One instructive point of view is by traditional Christian author Ron Rhodes. In what is one of the few evaluations on Liberation and Black Theology, there is a significant historical backdrop given as well as a methodology for understanding Cone's theological position:
In assessing the theology of James Cone, it is critical to recognize that he sees black experience as the fundamental starting point for ascertaining theological truth...[and] Cone says that "it is this common experience among black people in America that Black Theology elevates as the supreme test of truth. To put it simply, Black Theology knows no authority more binding than the experience of oppression itself. This alone must be the ultimate authority in religious matters." [Ed: references are in the linked document.]
We also learn from Cone's writings (as referenced by Rhodes) that God is black, Jesus is black, that the idea of salvation is predominantly the liberation of oppressed blacks in this life, and further that liberation is the "emancipation of black people from white oppression by whatever means black people deem necessary." - including the potential for violence.
If we attempt to comprehend how Black Theology differs from traditional Christian Theology in a theological context it is that its focus is on black experience and its 'gospel' is in the liberation of the black oppressed. This has evolved today to the point that 'praxis' - the act of revolutionary liberation from oppression - has primacy. Traditional Christian Theology certainly offers liberation - focused on a liberation from sin - but it is also universal: "Whoever is thirsty, let him come; and whoever wishes, let him take the free gift of the water of life." (Rev. 22:17) - and "there is neither Jew nor Greek, slave nor free, male nor female" in Christ (Gal. 3:28).
Given that we live today in a post-Christian society it may be instructive to take a view that considers a political rationale as well. It seems perhaps reasonable to conclude that Black Theology is a mapping of identity politics* onto traditional Christian theology.

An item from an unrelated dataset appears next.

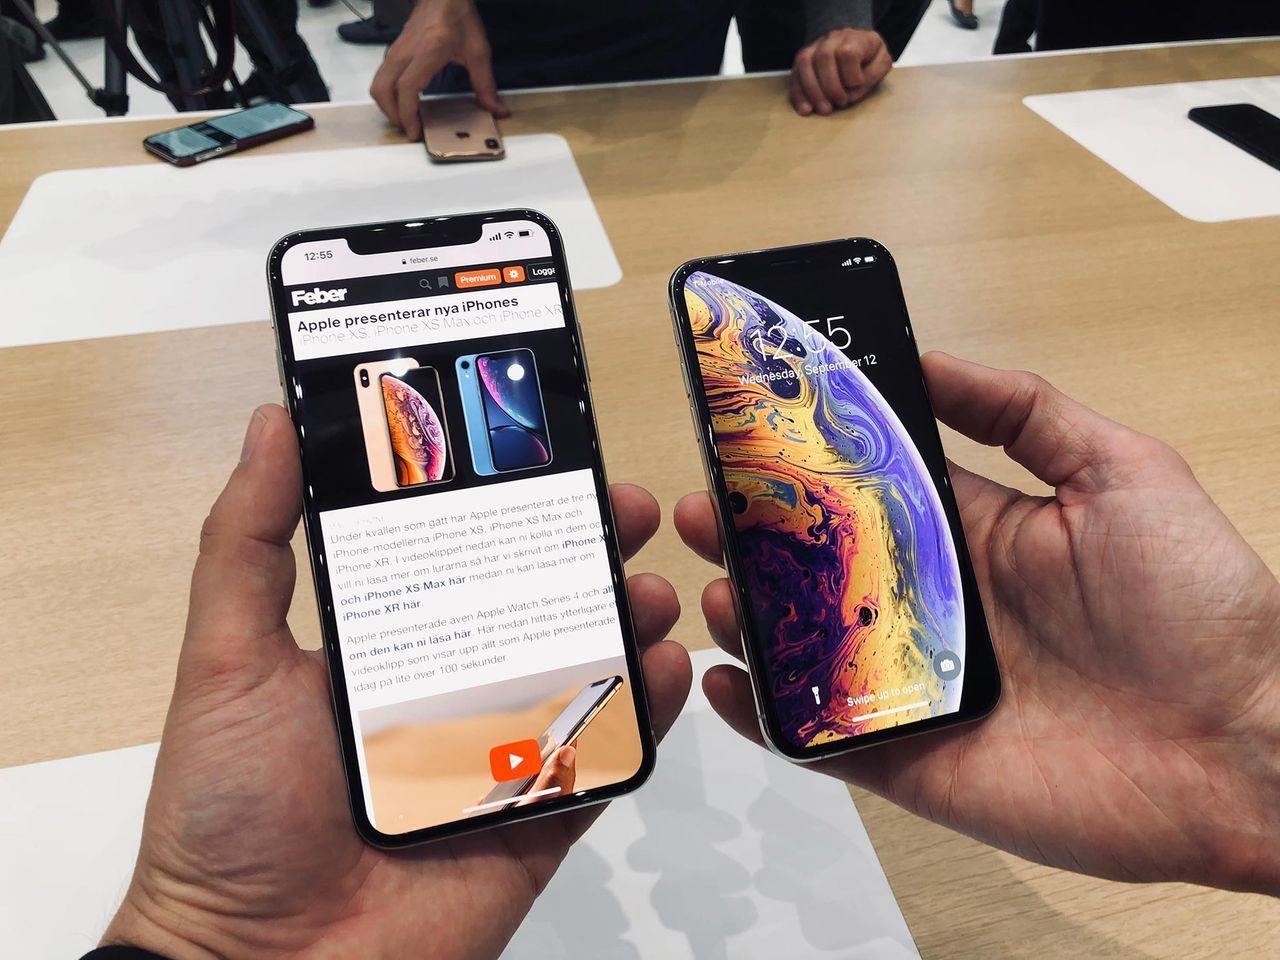 ... iPhone XS Max och iPhone XR. Apple presenterar nya iPhones 3789c0acb2aeb

In this way it can be explained as the engulfing of traditional Christian terminology and meaning with the mission of identity politics - and in this case the identity politics of black Americans. Those interested in the meaning of language as it relates to our culture have visited this kind of expedient adoption.

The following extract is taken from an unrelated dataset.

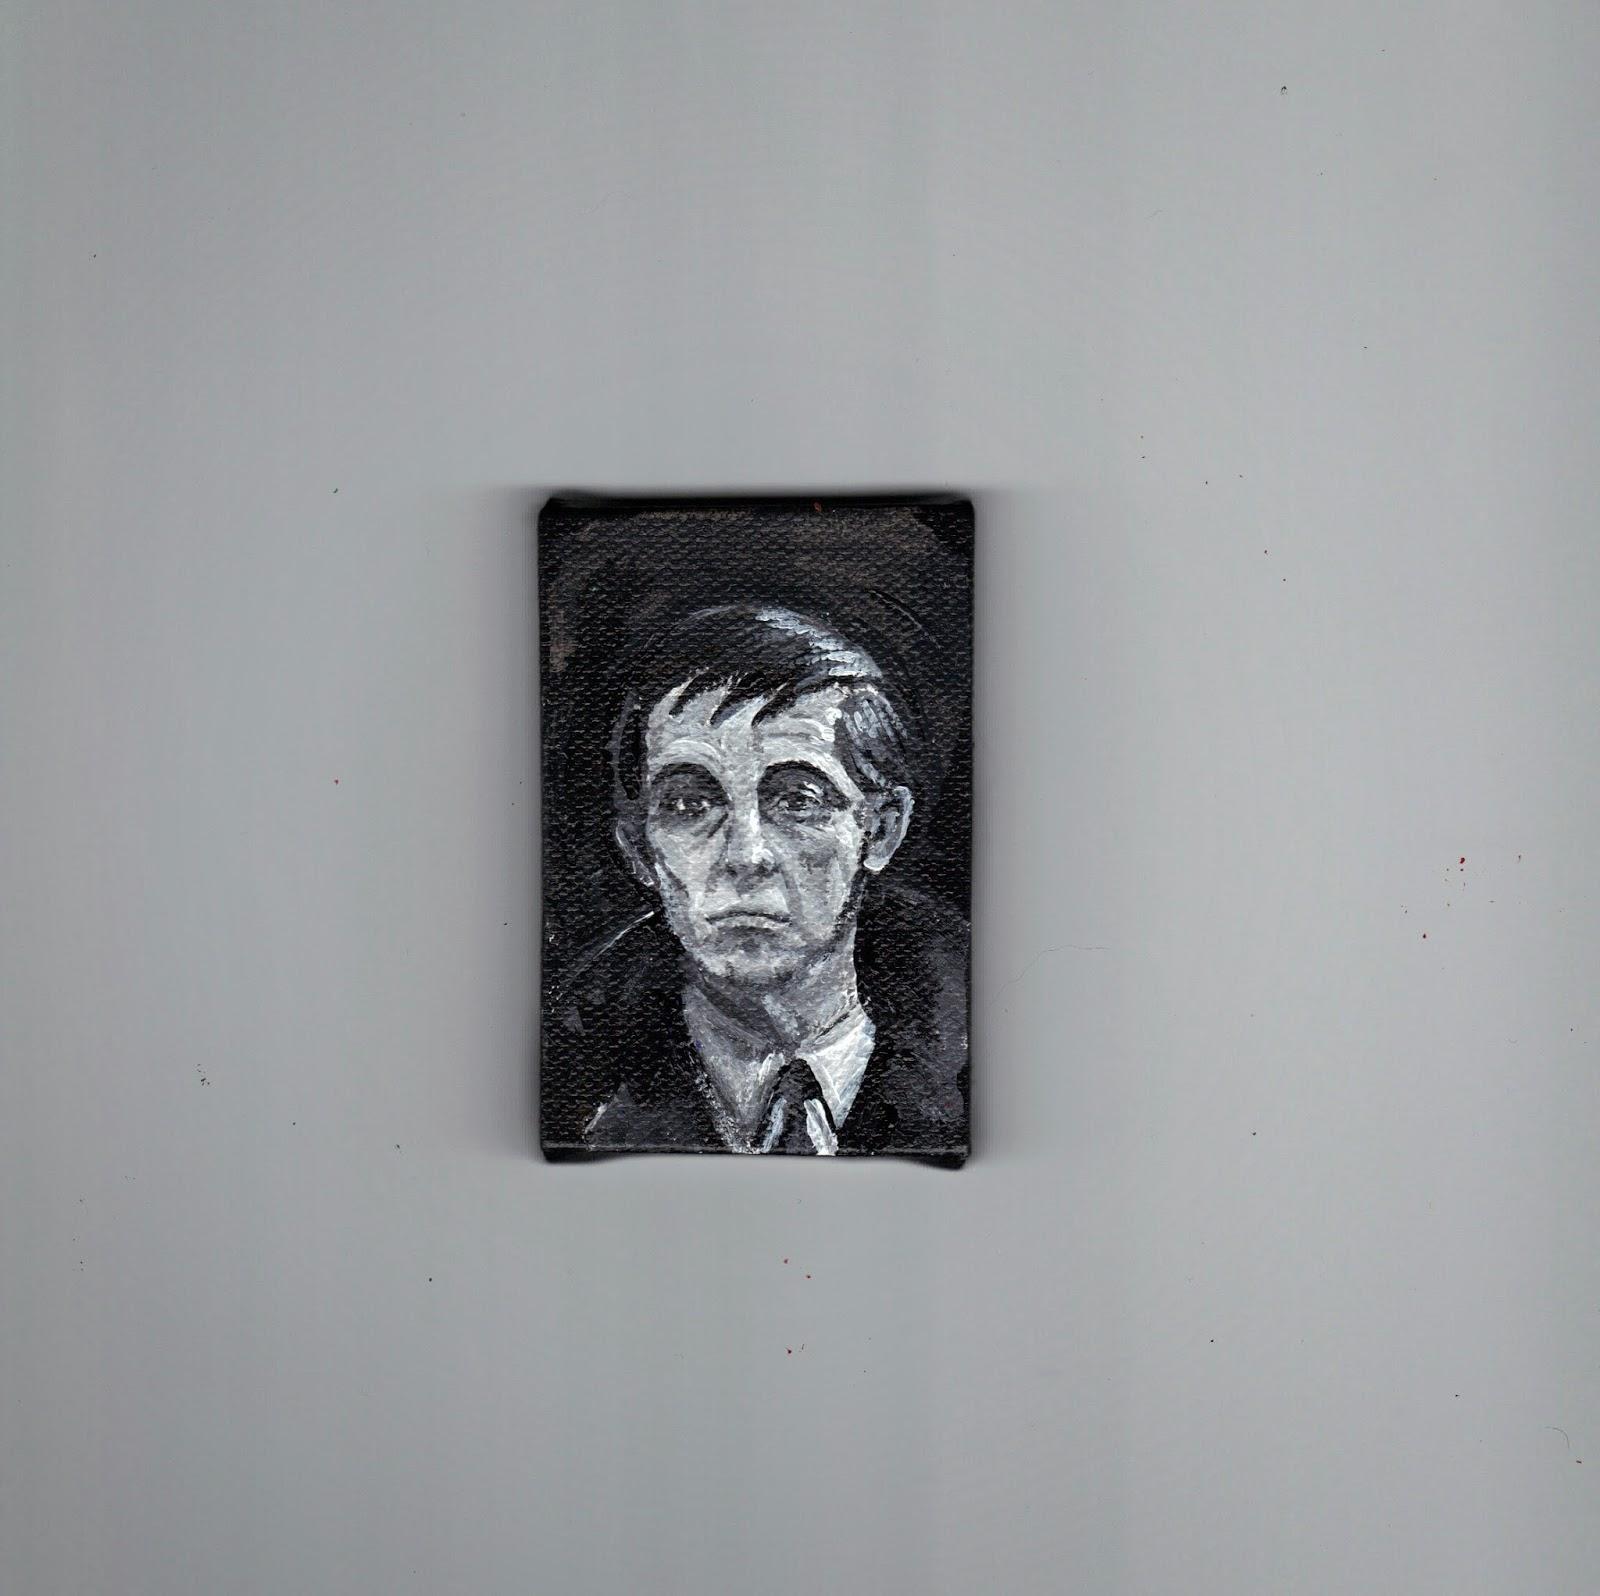 https://www.etsy.com/listing/173126599/miniature-painting-original-art-barnabas?ref=listing-shop-header-3

Given that slavery has been abolished, amendments to the constitution have been made, the Civil Rights movement has been almost universally embraced, legislative acts have been promulgated, broad entitlements have been granted, affirmative action has existed, and we have conducted a long term experiment with enhancing the experience of a large number of groups with political identity, it seems almost strange that Black Theology rhetoric is what it is.
Perhaps it is that the point of view is so entrenched in the focus on oppression as an experience of primacy that any party to it can never move - the act of liberation is perpetually frozen in the experience of self-imposed oppression.
*Identity politics is certainly a laden phrase. It has been significantly elucidated elsewhere. A reasoned reading of almost any definition describes with almost identical language the separable tenets of Black Theology.
Michelle Malkin is one of the few conservative bloggers to examine the roots of Obama's faith. Her referenced post also links to a transcript of the second video clip above as well - so you don't have to take my word for Wright's pedagogical instruction to understand his church's faith from Cone.